Alla ricerca del tempo perduto
Perché il mestiere dell’archeologo ci affascina così tanto ancora oggi
Alla ricerca del tempo perduto
Perché il mestiere dell’archeologo ci affascina così tanto ancora oggi
Saggi, romanzi, film, la saga di Indiana Jones: l’archeologia è sempre più pop. E se le tecnologie cambiano, la “poesia” degli scavi resta immutata. Il direttore del Museo egizio di Torino spiega perché
In un mondo immerso in una cultura sempre più digitale e digitalizzata, in cui la globalizzazione e la velocità dei cambiamenti tendono a schiacciare la prospettiva storica, trasformando il passato in un’ipertrofica storia del presente, i musei, e quelli archeologici in particolare, devono mirare a illuminare le fasi più salienti della civiltà valorizzando le specificità della cultura materiale. Con cultura materiale si intendono tutti gli aspetti visibili e concreti di una cultura, quali i manufatti provenienti da contesti abitativi, gli oggetti della vita quotidiana impiegati nelle attività lavorative, ma anche nella pratica religiosa e nelle attività produttive. Si tratta quindi di un tipo di approccio alle collezioni che focalizza l’attenzione su tutti i prodotti dell’uomo, e sull’analisi dei rapporti di produzione-scambio-uso. Gli studi di cultura materiale ricostruiscono il modo attraverso cui l’insieme delle conoscenze empiriche ha modificato il rapporto tra le società umane e le risorse naturali dell’ambiente, tra i bisogni di migliorare la qualità della vita e il saper trovare soluzioni utili e ripetibili. Non investono dunque il solo campo della sussistenza, ma l’intero arco delle esperienze pratiche e del sapere tecnico. Le serie dei manufatti custoditi sopravvissuti dal passato, incorporano la fatica dell’uomo, ma anche le sue conoscenze, i suoi comportamenti, i valori culturali condivisi da intere società o da gruppi.

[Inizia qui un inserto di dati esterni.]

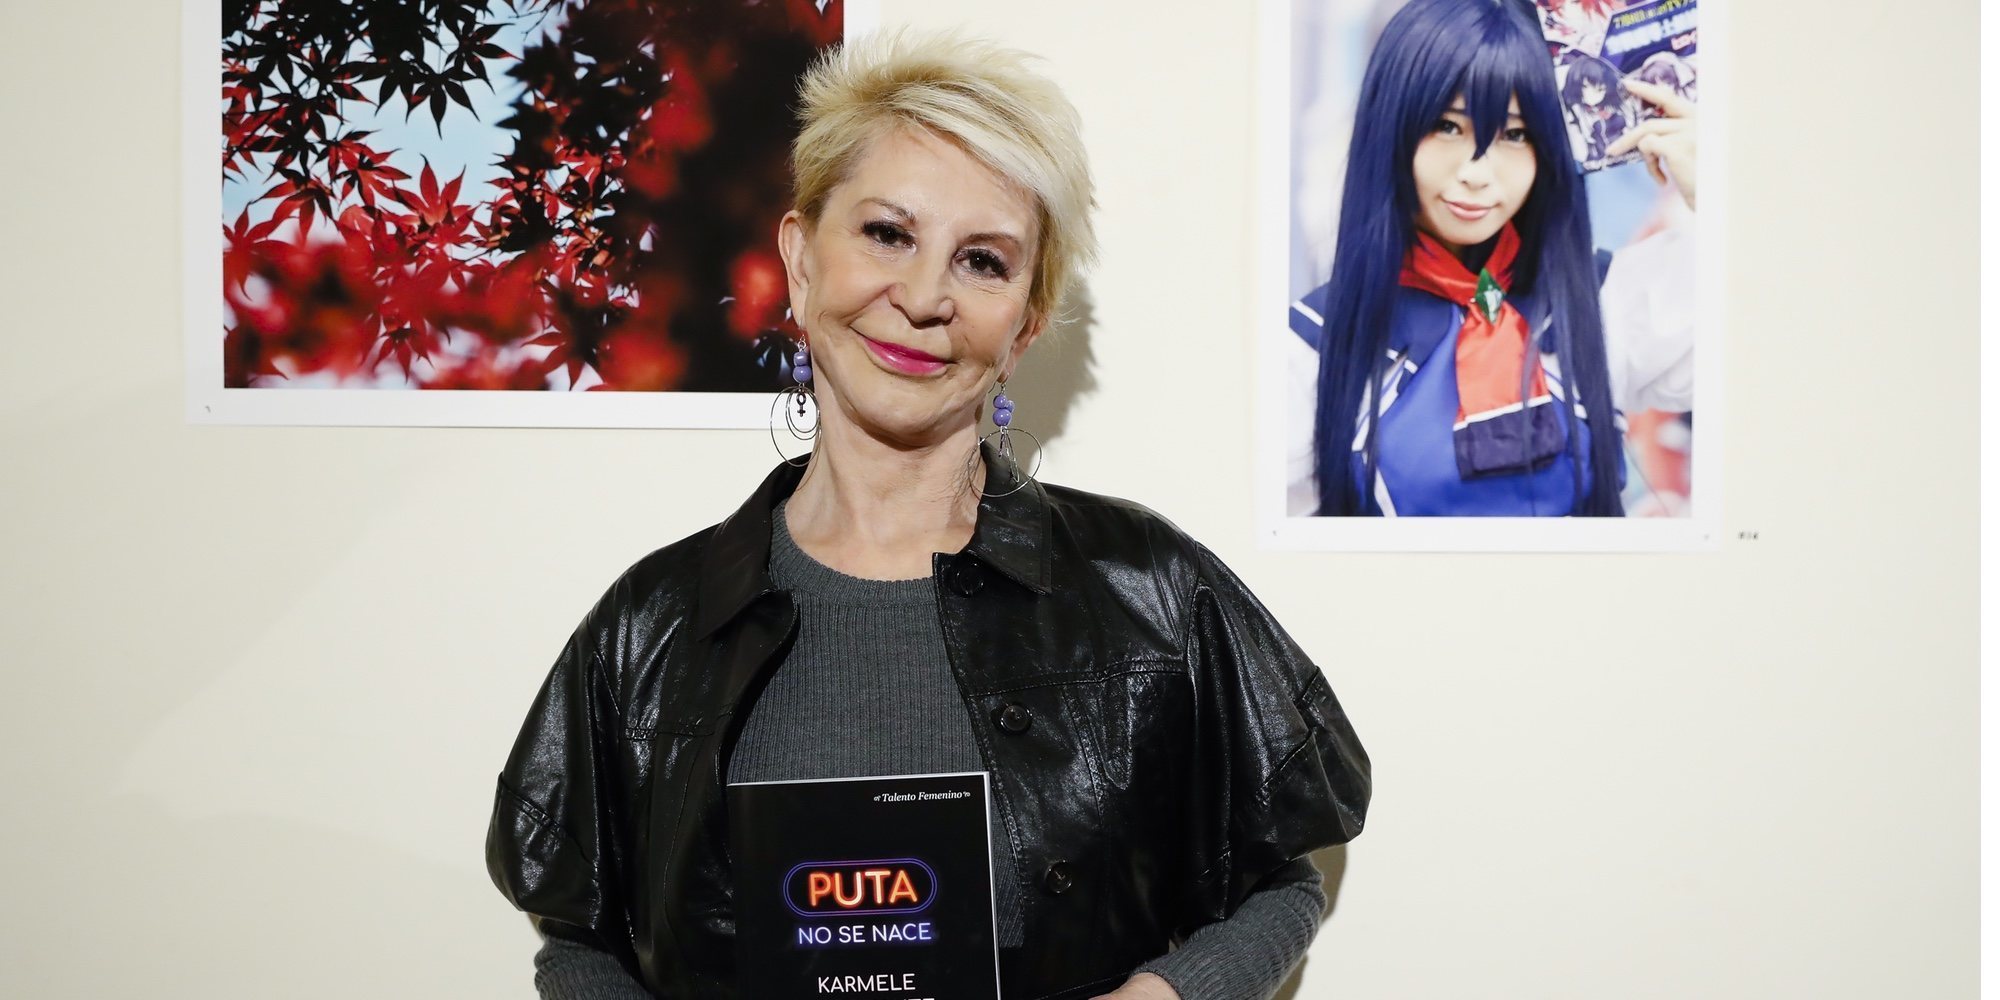 Karmele Marchante presenta 'Puta no se hace' con el apoyo de Manuela Carmena

Esiste un’interdipendenza fra l’essere umano e la cultura materiale da lui prodotta. Gli oggetti creati dall’uomo, poi, gli sopravvivono e restano testimoni della sua vita, delle sue abitudini, delle sue relazioni.
Compito dell’archeologo è quello di ricostruire, sulla scorta della cultura materiale, gli usi e i costumi degli antichi. Per far questo, bisogna indagare ogni artefatto per cercare di comprenderne a fondo la biografia. Ciascun oggetto, infatti, raccoglie in sé una moltitudine di informazioni. Innanzitutto possiamo cercare di dargli una contestualizzazione cronologica e di capire da dove esso provenga e quale sia stata la sua funzione. L’analisi, però, non si può fermare a questo livello. L’artefatto contiene in sé una serie di informazioni ‘nascoste’ che permettono di rispondere a un’ulteriore serie di domande. È opportuno ricordare, come fa Ian Hodder all’inizio del suo volume Entangled (Interconnesso, libro in cui analizza la stretta relazione fra l’essere umano e gli oggetti) la definizione che Martin Heidegger diede di giara, nella raccolta di opere dal titolo Poetry, Language and Thought del 1971 (1). Si prova, infatti, una certa insoddisfazione nel produrre di un vaso solo una descrizione fattuale, nell’indicarne la cronologia, nell’individuarne la tipologia. Quando, infatti, pensiamo alla sua funzione, comprendiamo che è essenziale sapere quale fosse il liquido contenuto all’interno. Questa sostanza poteva essere olio, birra, vino o semplicemente acqua. A volte, il contenuto poteva venir utilizzato in un contesto rituale, ad esempio per compiere un’offerta agli dèi. Si potrebbe quindi affermare che la giara può essere studiata come elemento di congiunzione fra la terra, in quanto fatta di argilla, gli uomini, perché proprio costoro l’hanno creata, e il cielo, in quanto poteva fungere da strumento in un rituale religioso.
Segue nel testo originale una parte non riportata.